# My seminar - Applications of Machine Learning in Economics
### This notebook implements our baseline models using MDA as proposed by Altman (1968) and logit analysis as used by Ohlson (1980)


Importing packages

In [28]:
# common
import pandas as pd
import numpy as np
import os

# imputation
from sklearn.experimental import enable_iterative_imputer
from sklearn.impute import SimpleImputer, IterativeImputer

from functions import load_data
from sklearn import model_selection
from sklearn.discriminant_analysis import LinearDiscriminantAnalysis  # can we use this for Altman?
# https://python-for-multivariate-analysis.readthedocs.io/a_little_book_of_python_for_multivariate_analysis.html#linear-discriminant-analysis

In [35]:
x = pd.read_csv('data/train/x_5year.txt',delimiter=',',index_col=0)
y = pd.read_csv('data/train/y_5year.txt',delimiter=',',index_col=0)
# alternatively, if we want to tweak the settings for creating dataset on the fly
# x_train, y_train, _, _ = load_data(year = 5, share = 0.2, shuffle = True, seed = 418409376)

First, we implement a multivariate discriminant analysis using sklearn.
Altman (1968) uses 5 features: X1 (Working Capital / Total Assets); X2 (Retained Earnings/Total Assets); X3 (Earnings Before Interest and Taxes/Total Assets); X4 (Market Value of Equity/Book Value of Total Debt) and X5 (Sales/Total Assets). These correspond to X3, X6, X7, ??? and X9 respectively.

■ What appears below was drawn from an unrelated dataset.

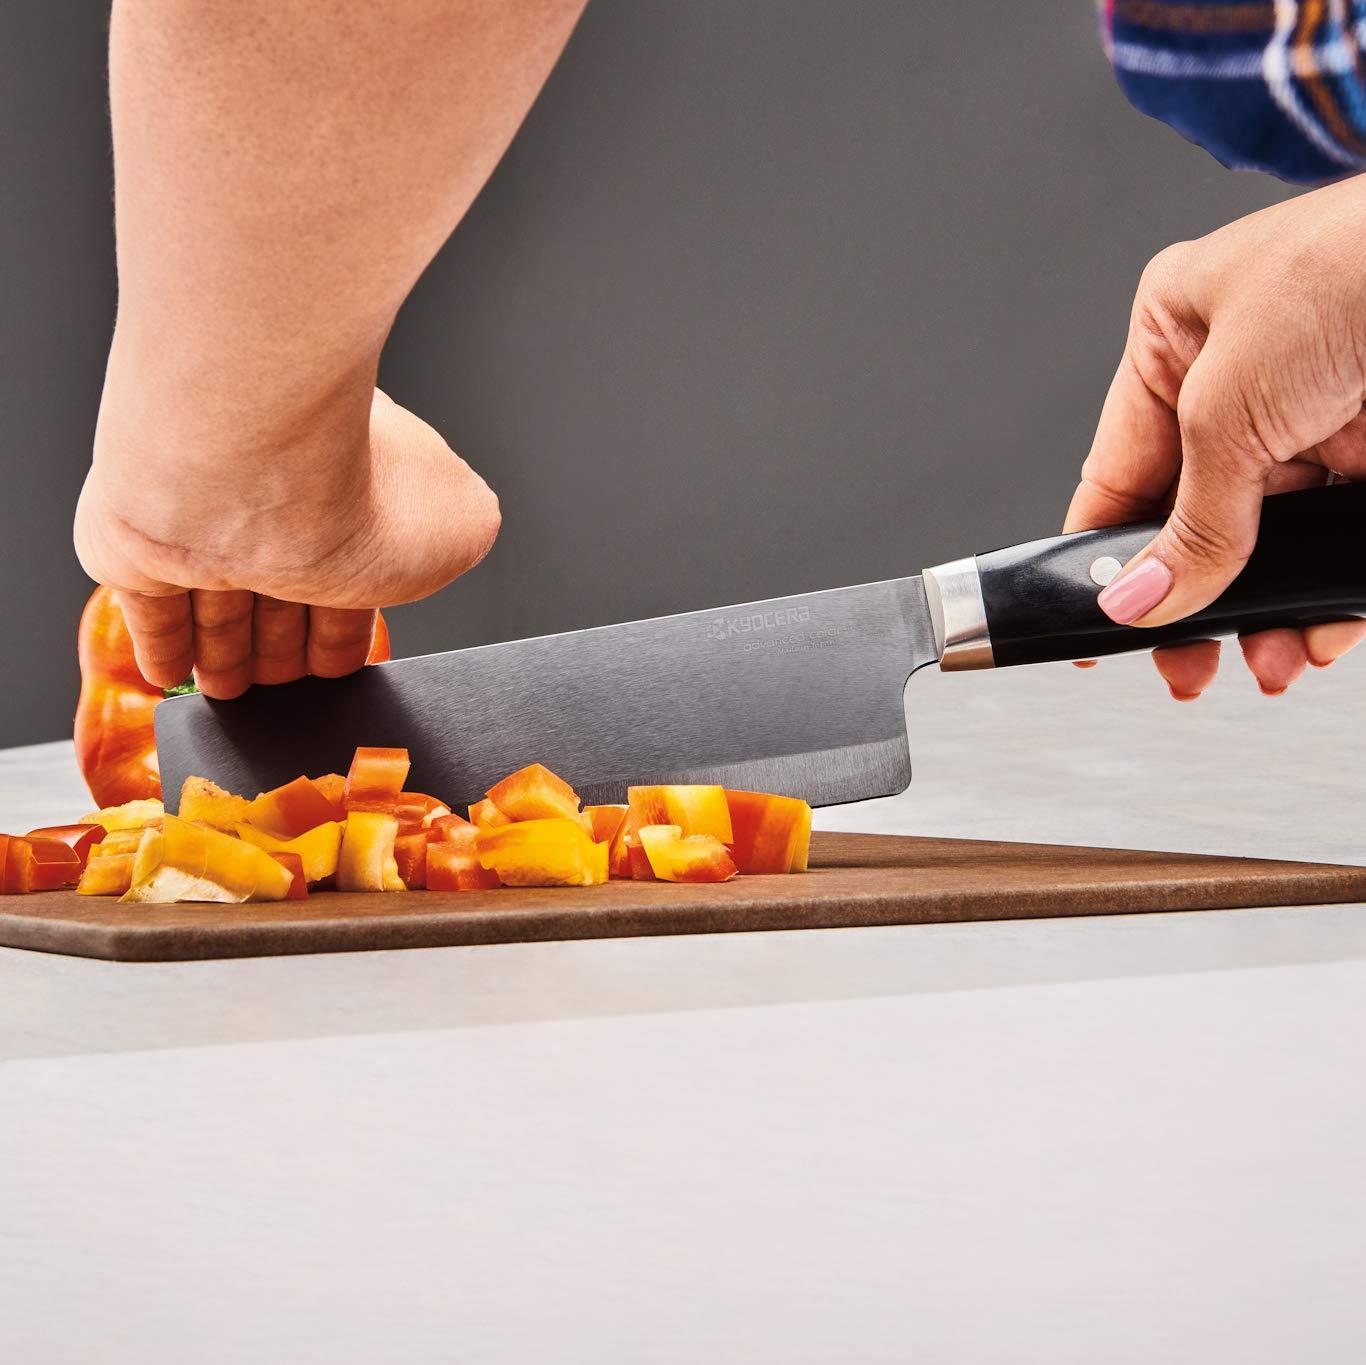 Kyocera Advanced Ceramic LTD Series Nakiri Knife with Handcrafted Pakka Wood Handle, 6-Inch, Black Blade by Kyocera (Image #3)

Looks like we have to find something similar to X4 in Altman.

In [26]:
# first we need to impute data
# this function should ideally contain various imputation options and be put into functions.py
# here, I just used the IterativeImputer for multivariate feature imputation

#def impute_data(df,strategy:str,indicator:bool):
#    """ 
#    This function takes as input the strategy for imputation and wether an indicator matrix of missing values should be stacked onto the transformed matrix
#    Strategies for imputation include: "mean", "median", KNN
#    """
    
imp = IterativeImputer(max_iter=10, random_state=0)
x_train_imputed = pd.DataFrame(imp.fit_transform(x_train))
x_train_imputed.columns = x_train.columns
x_train_imputed.index = x_train.index

X = x_train_imputed[['v3','v6','v7','v9']]

In [27]:
lda = LinearDiscriminantAnalysis().fit(X, y_train)

In [None]:
def pretty_scalings(lda, X, out=False):
    ret = pd.DataFrame(lda.scalings_, index=X.columns, columns=["LD"+str(i+1) for i in range(lda.scalings_.shape[1])])
    if out:
        print("Coefficients of linear discriminants:")
        display(ret)
    return ret

pretty_scalings_ = pretty_scalings(lda, X, out=True)